▶ [EXERCISE OBJECTIVE]
Return the data below exactly as given, except for the images.

▶ [RECORDED DATA]
· · · ·

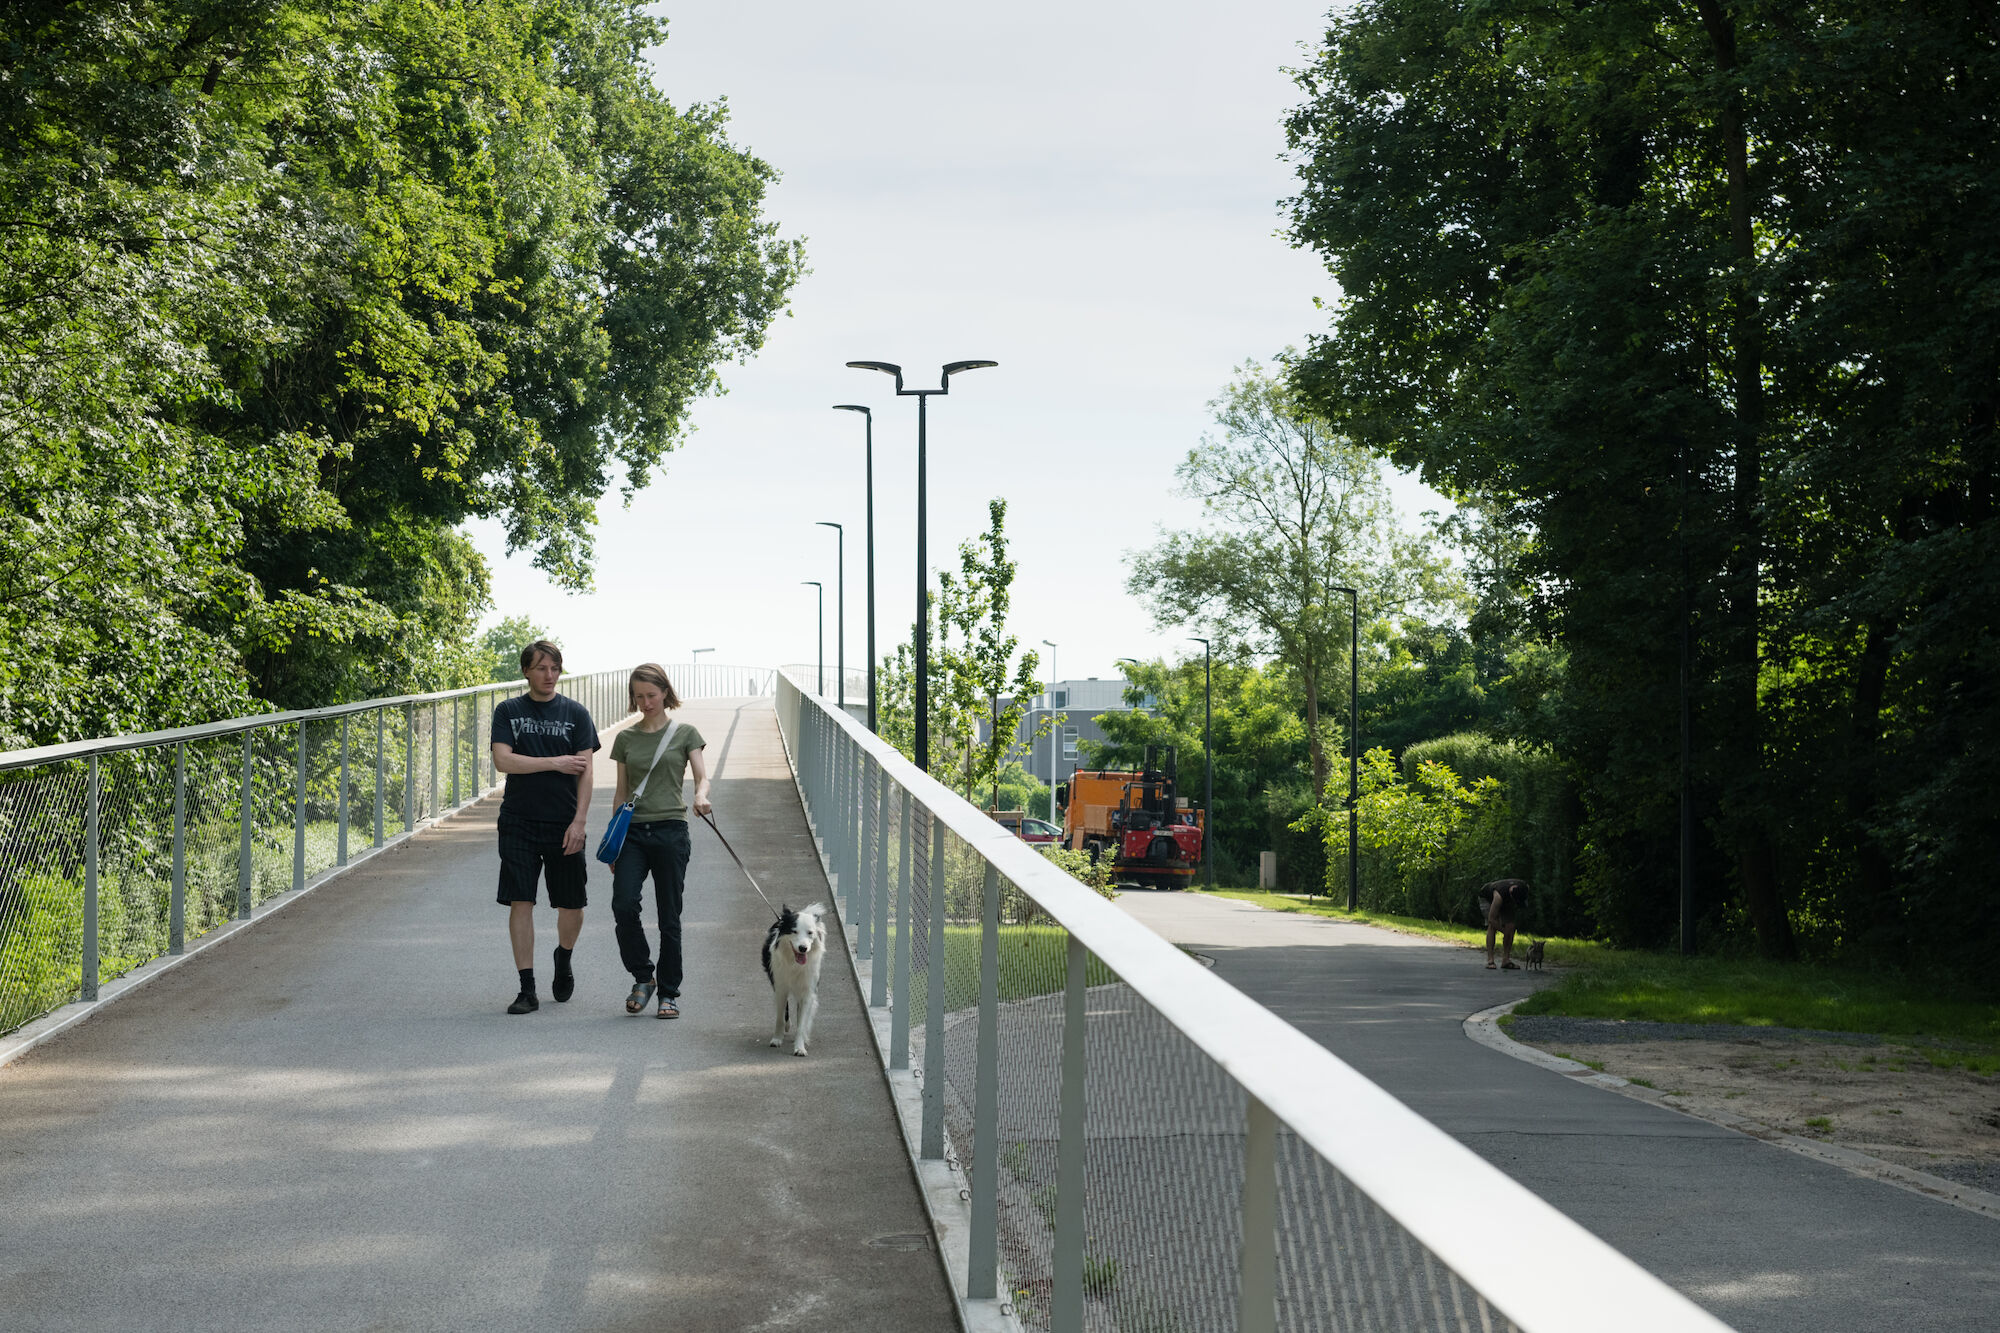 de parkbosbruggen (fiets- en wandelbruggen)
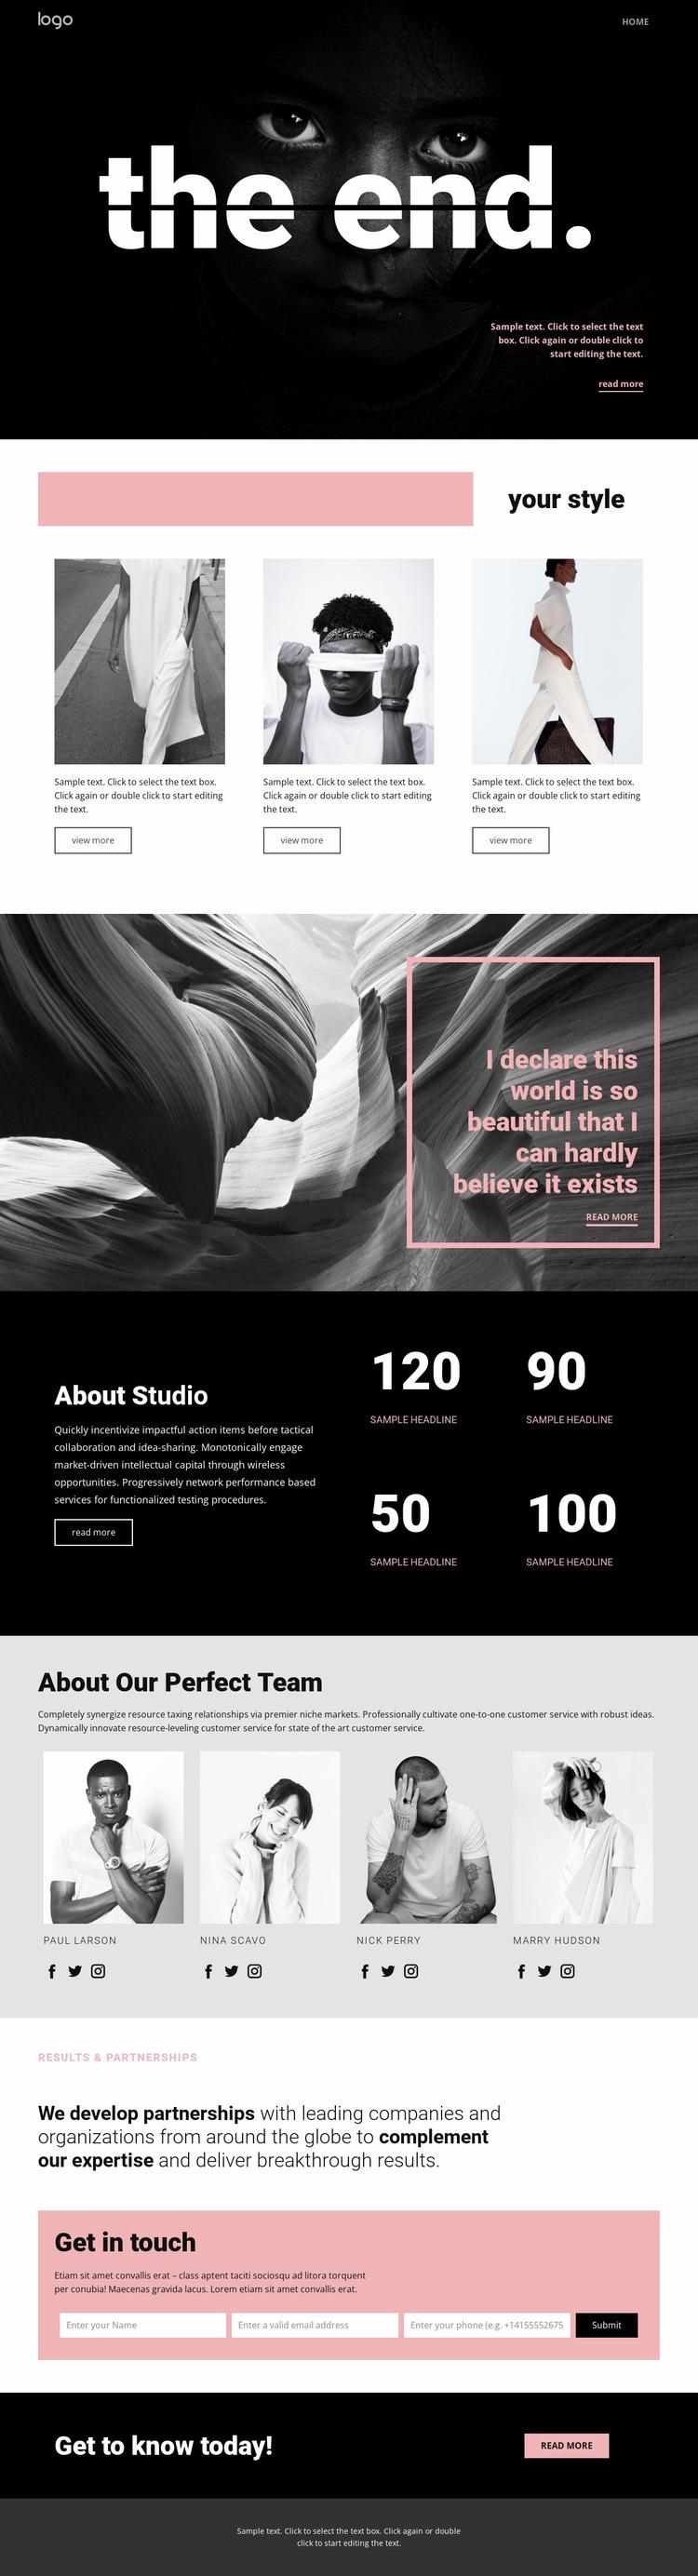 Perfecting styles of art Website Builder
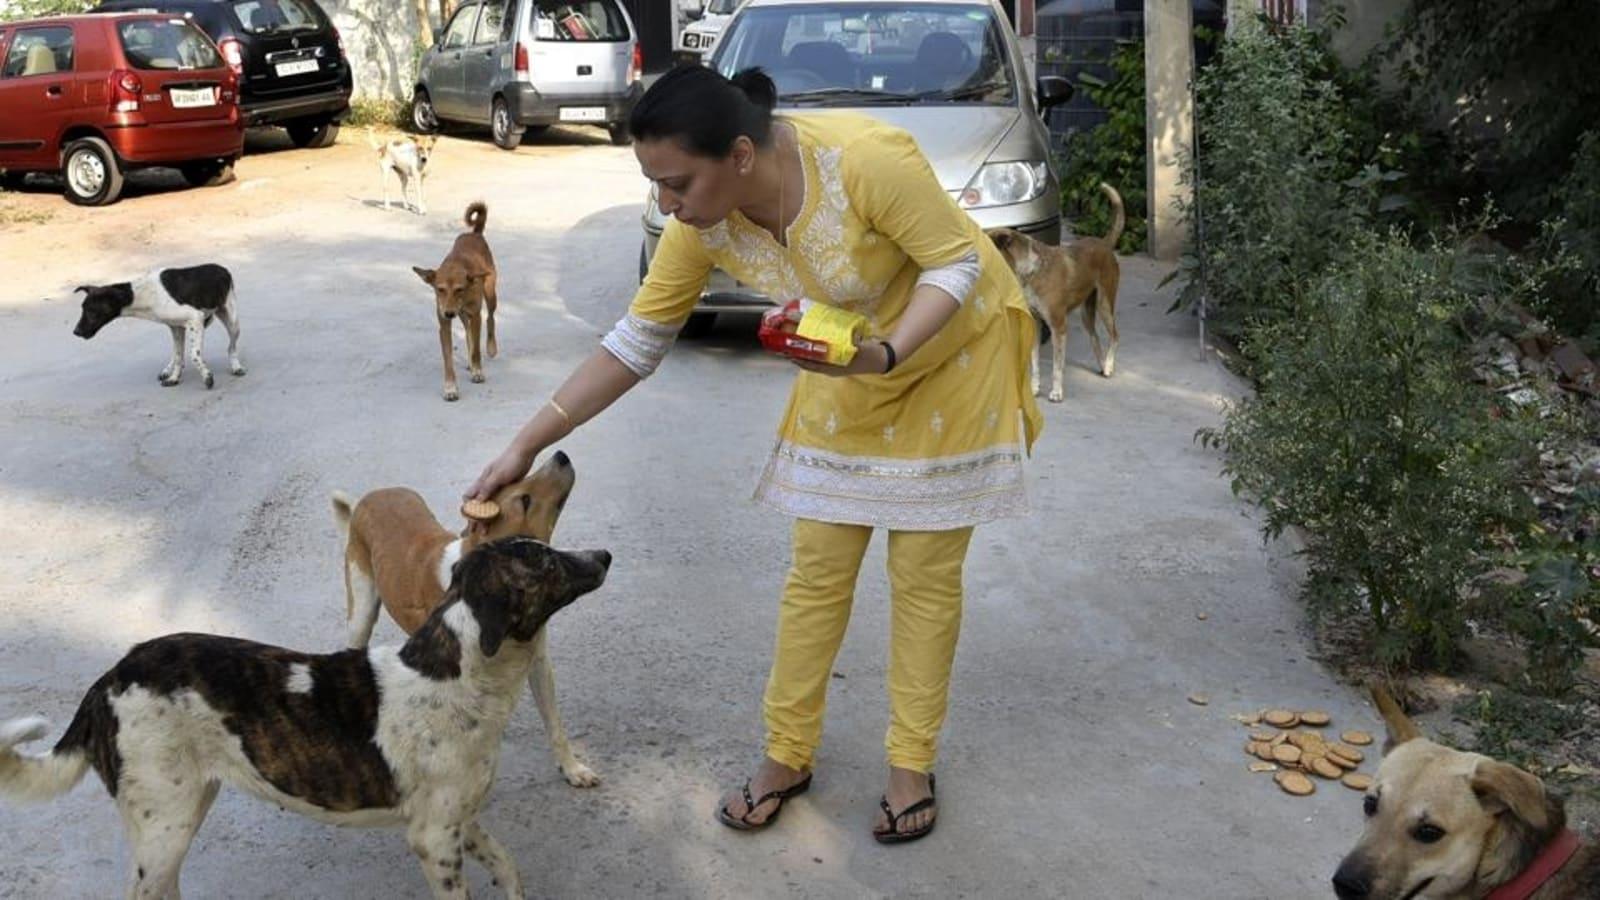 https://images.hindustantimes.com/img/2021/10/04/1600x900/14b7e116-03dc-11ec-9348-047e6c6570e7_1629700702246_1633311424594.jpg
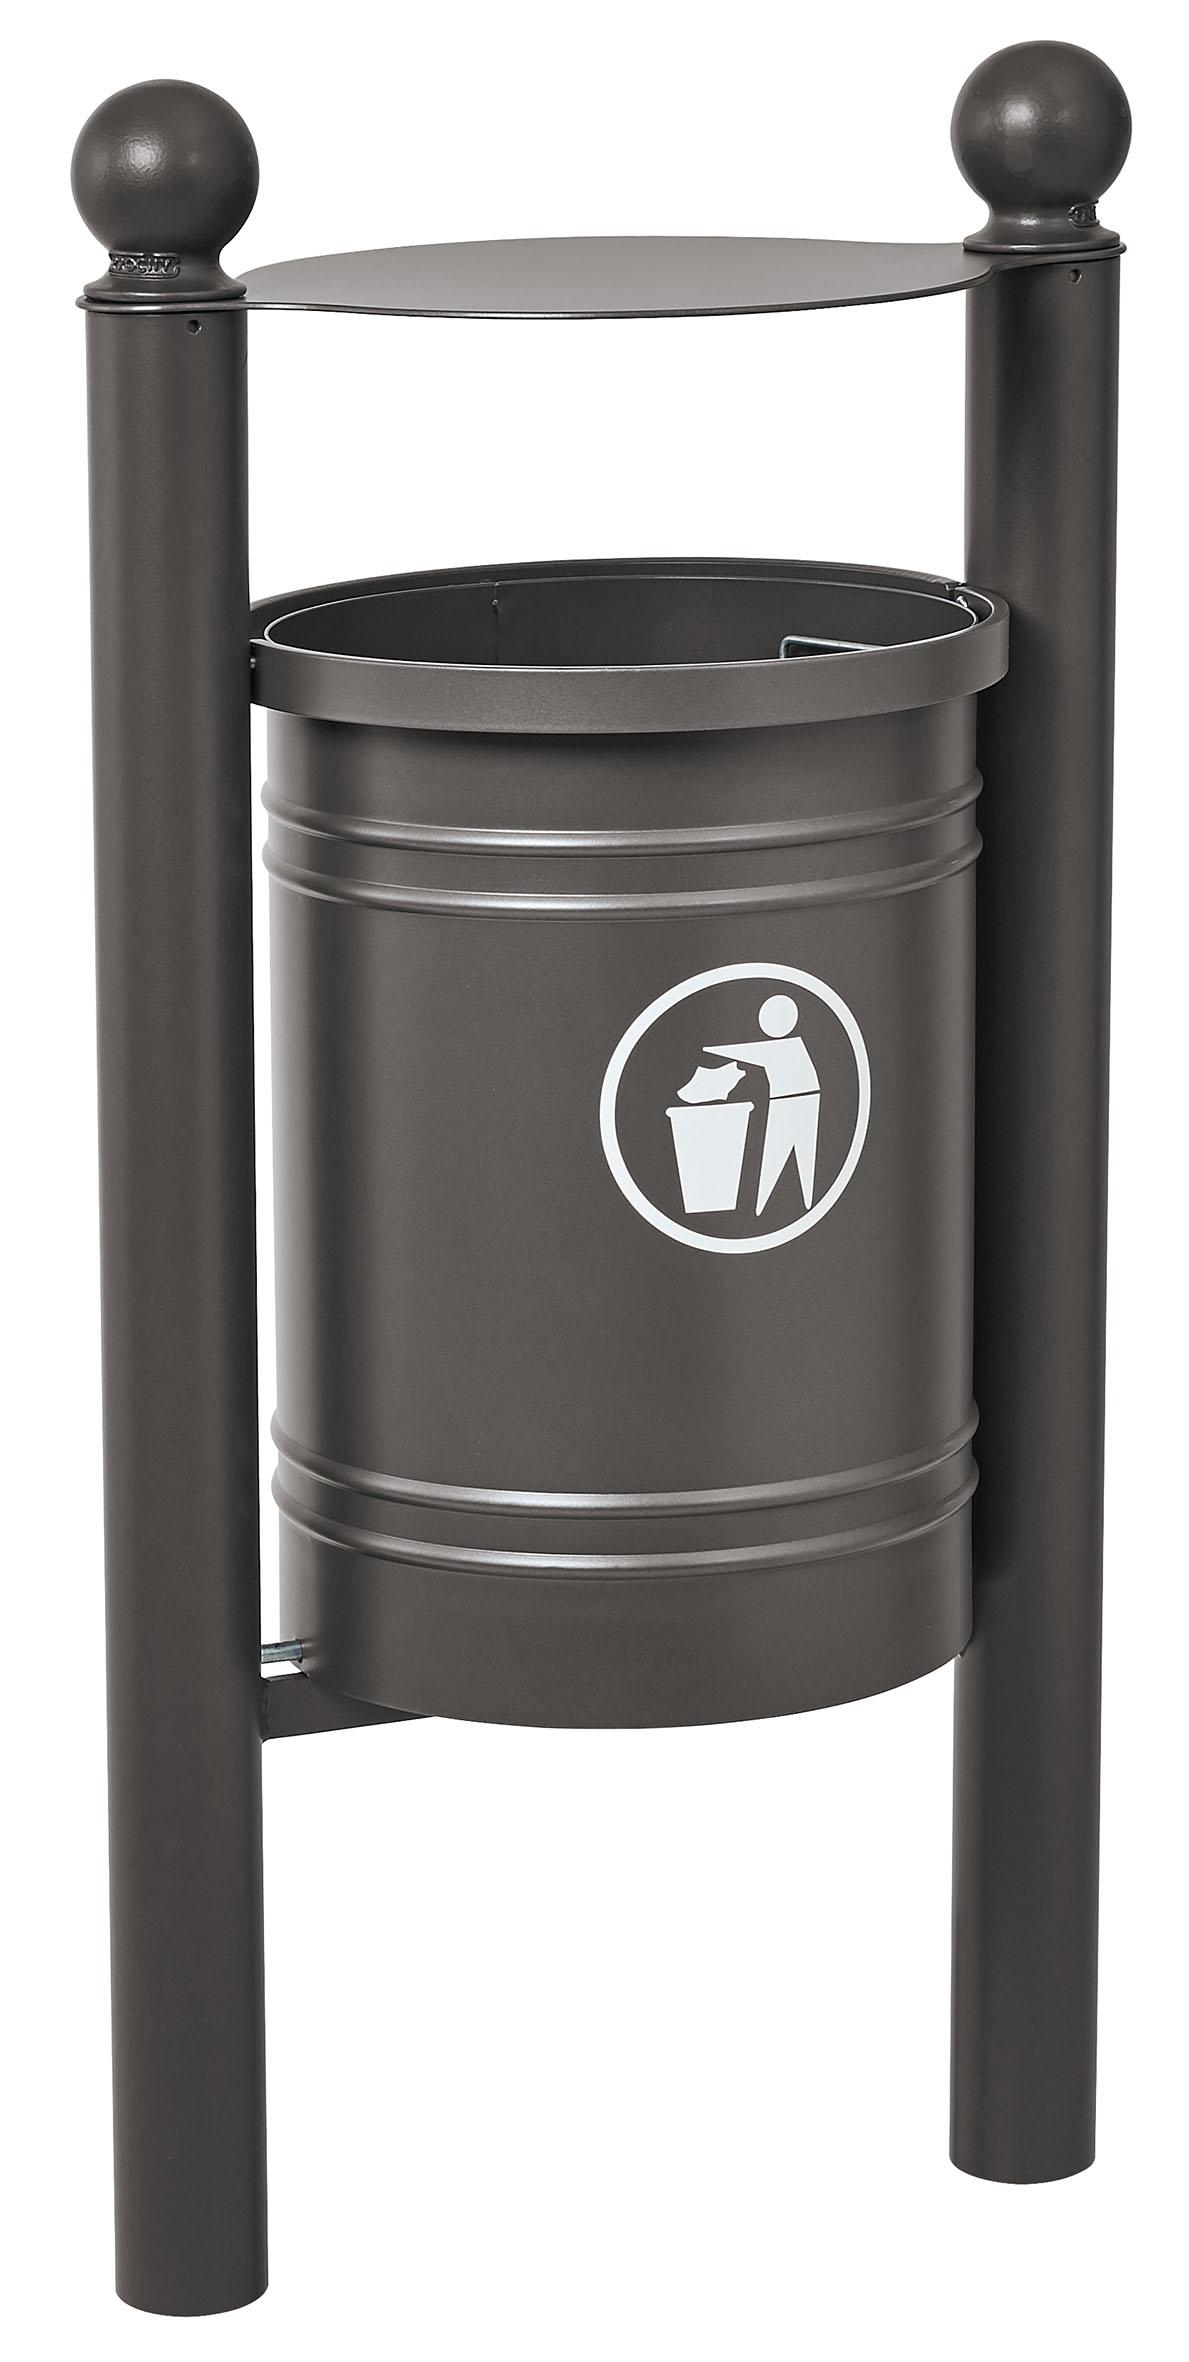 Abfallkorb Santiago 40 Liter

· · · ·

▶ [ANSWER SPACE]
 de parkbosbruggen (fiets- en wandelbruggen)
 Perfecting styles of art Website Builder
 https://images.hindustantimes.com/img/2021/10/04/1600x900/14b7e116-03dc-11ec-9348-047e6c6570e7_1629700702246_1633311424594.jpg
 Abfallkorb Santiago 40 Liter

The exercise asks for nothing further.